Question on Egoroff-like theorem

Question

Hi all I was tackled by this question from Folland's real analysis second edition in the second chapter, it looks like a modified Egoroff theorem but I cannot really tackle it, it is question 41 of chapter 2 which reads as follows:

Let $\mu$ be a $\sigma$-finite measure and $ f_n \rightarrow f $ a.e. Then there exist measurable sets $E_1,E_2,\ldots \subset X $ such that $$\mu\left(\left(\bigcup_{i=1}^\infty E_i\right)^C\right)=0$$ and $f_n \rightarrow f $ uniformly on each $ E_i. $

I think this might have something to do with Egoroff's theorem but that theorem mentions nothing about complement having measure zero, only as small as you would like, which is what confuses me. Can anyone point out a proof of this with an explanation?

Answer 1

Since $\mu$ is a $\sigma-$finite measure, there exists $\{A_n\}_{n\in \mathbb{N}}$ such that $\bigcup_{n}A_n=X$ and $\mu(A_n)<\infty$ $\forall n$.

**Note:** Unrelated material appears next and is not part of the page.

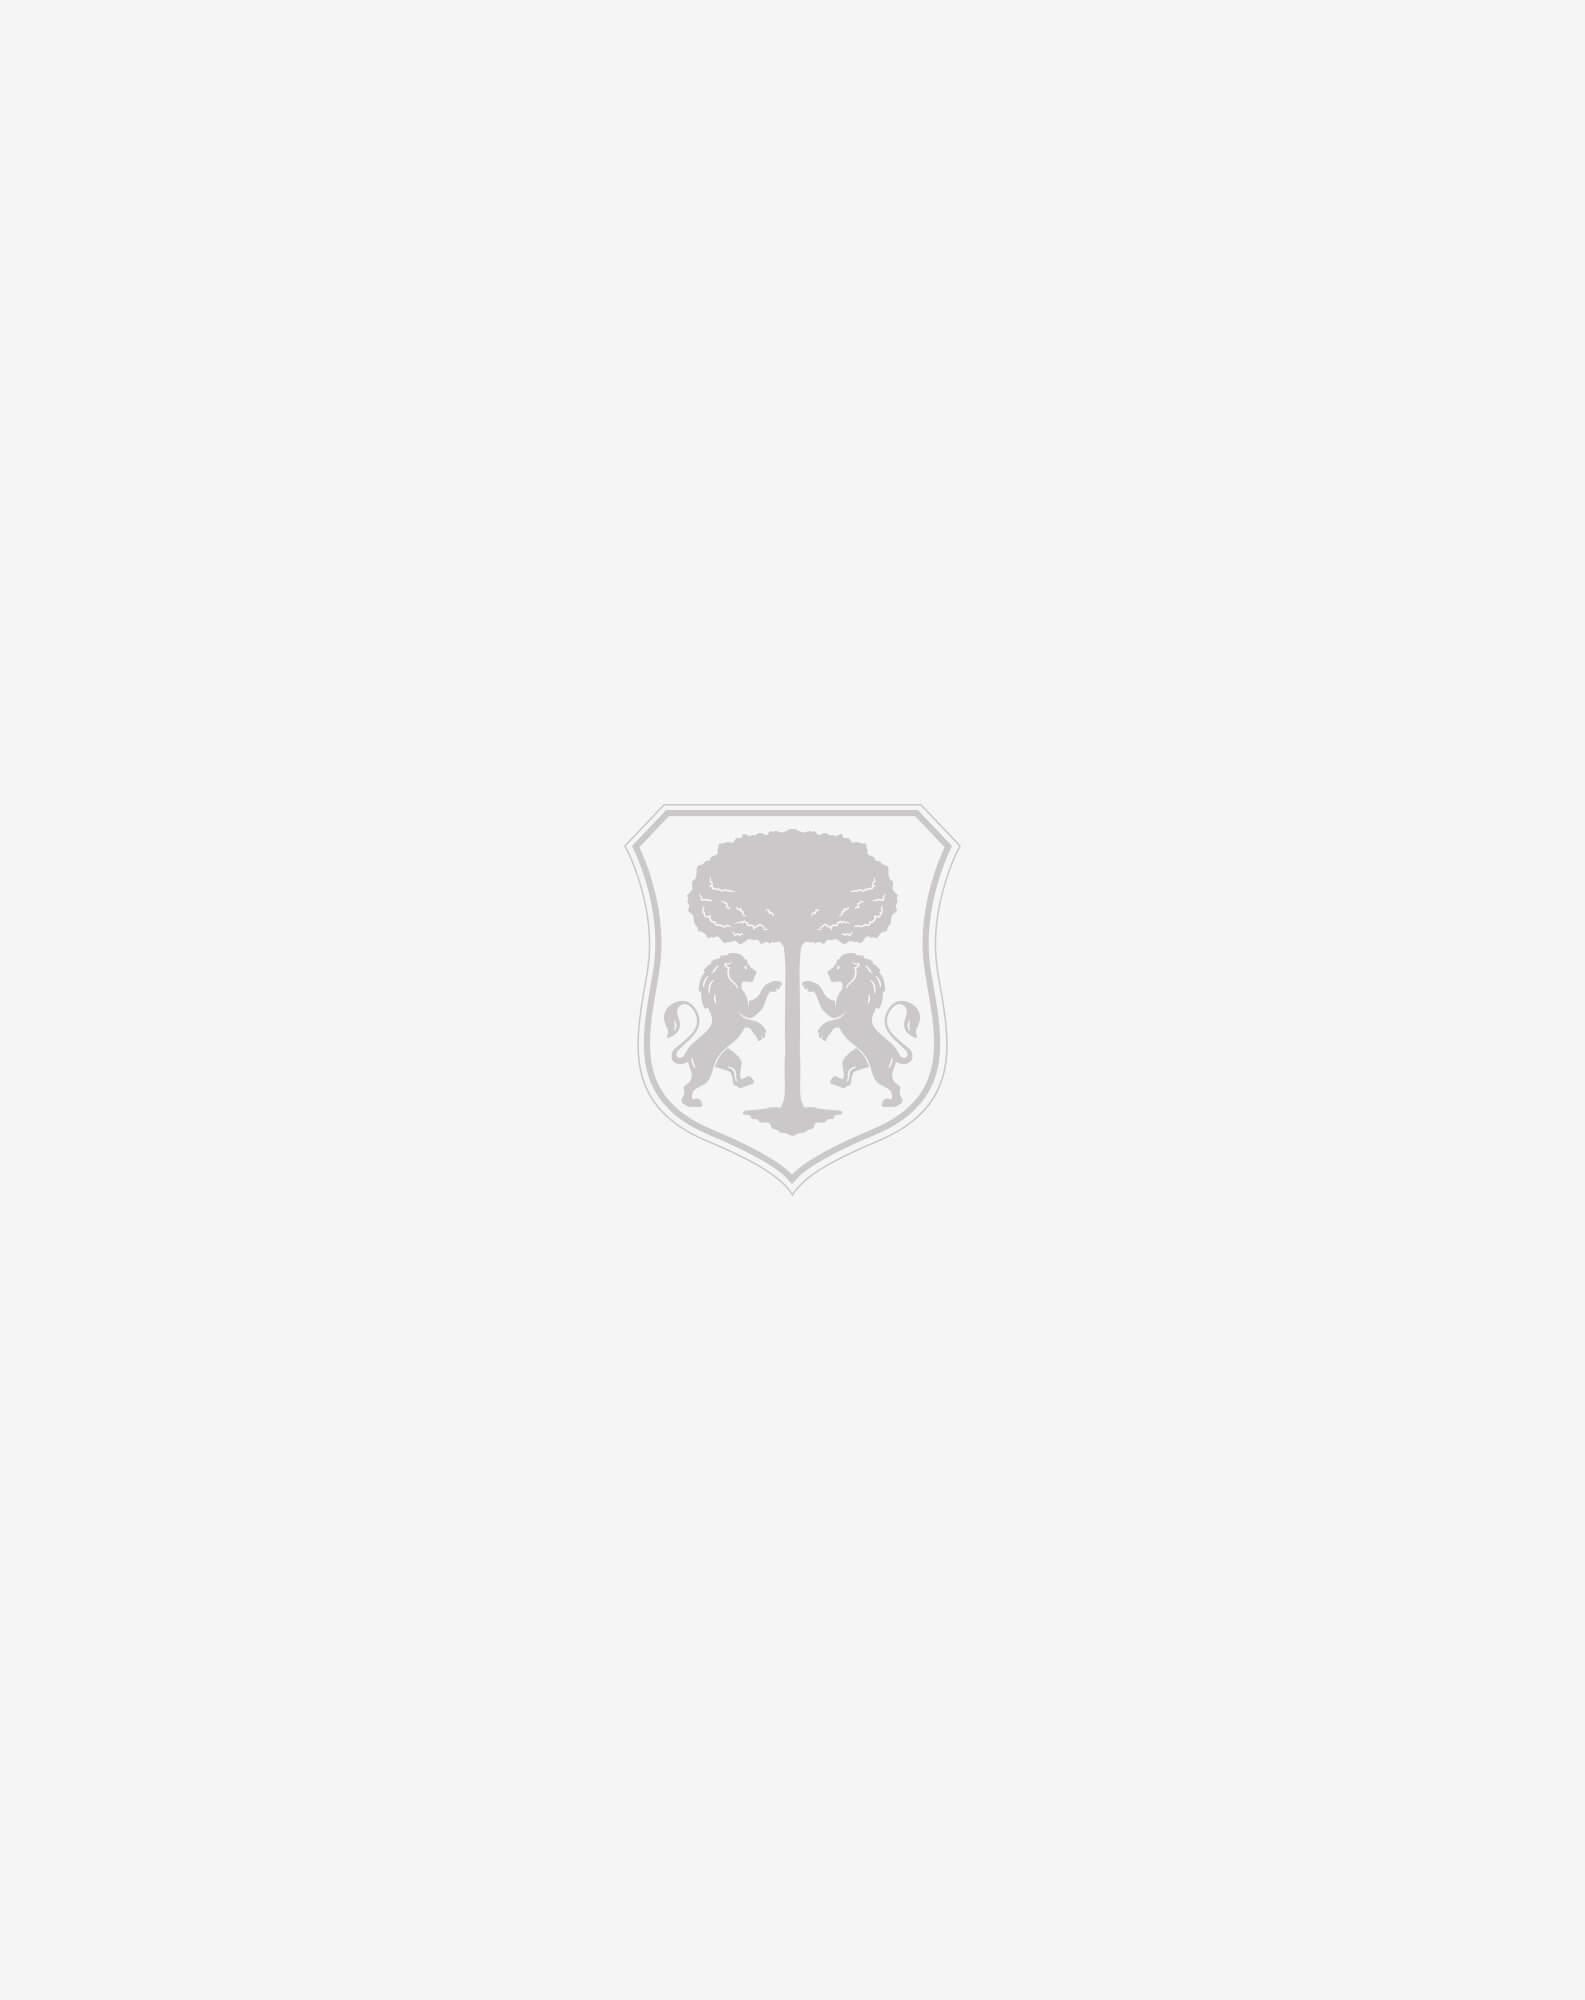 giacca tecnica blu con power bank

Now, let $n\in \mathbb{Z}^+$ be given. Since $f_n\rightarrow f$ a.e. on $A_n$, by Egoroff's theorem, for any $k\in \mathbb{Z}^+$ there is $E_{n,k}\subset A_n$ such that $\mu(A_n\setminus E_{n,k})<\frac{1}{2^nk}$ and $f_n\rightarrow f$ uniformly on $E_{n,k}$.

Then observe that, for given $j\in \mathbb{Z}^+$,

\begin{align*} \mu(\left(\bigcup_{n,k}E_{n,k} \right)^c)&= \mu\left( \bigcup_{n} A_n \setminus \bigcup_{n,k} E_n \right)\\ &= \mu\left(\bigcup_{n}\left(A_n\setminus \bigcup_{k} E_{n,k}\right)\right)\\&\leq \sum_n \mu\left(A_n\setminus \bigcup_k E_n\right)\\&=\sum_n \mu\left(\bigcap_k\left( A_n\setminus E_{n,k} \right) \right)\\& \leq \sum_n \mu(A_n\setminus E_{n,j}) \\&<\sum_n\frac{1}{2^nj}\\&<\frac{1}{j}. \end{align*}

Since $j\in \mathbb{Z}^+$ is arbitrary, $\mu(\left(\bigcup_{n,k}E_{n,k} \right)^c)=0$.

Since $f_n\rightarrow f$ uniformly on each $E_{n,k}$ by construction, $\{E_{n,k}\}_{n,k}$ is the countable collection of the measurable subsets of $X$. Thus, we are done.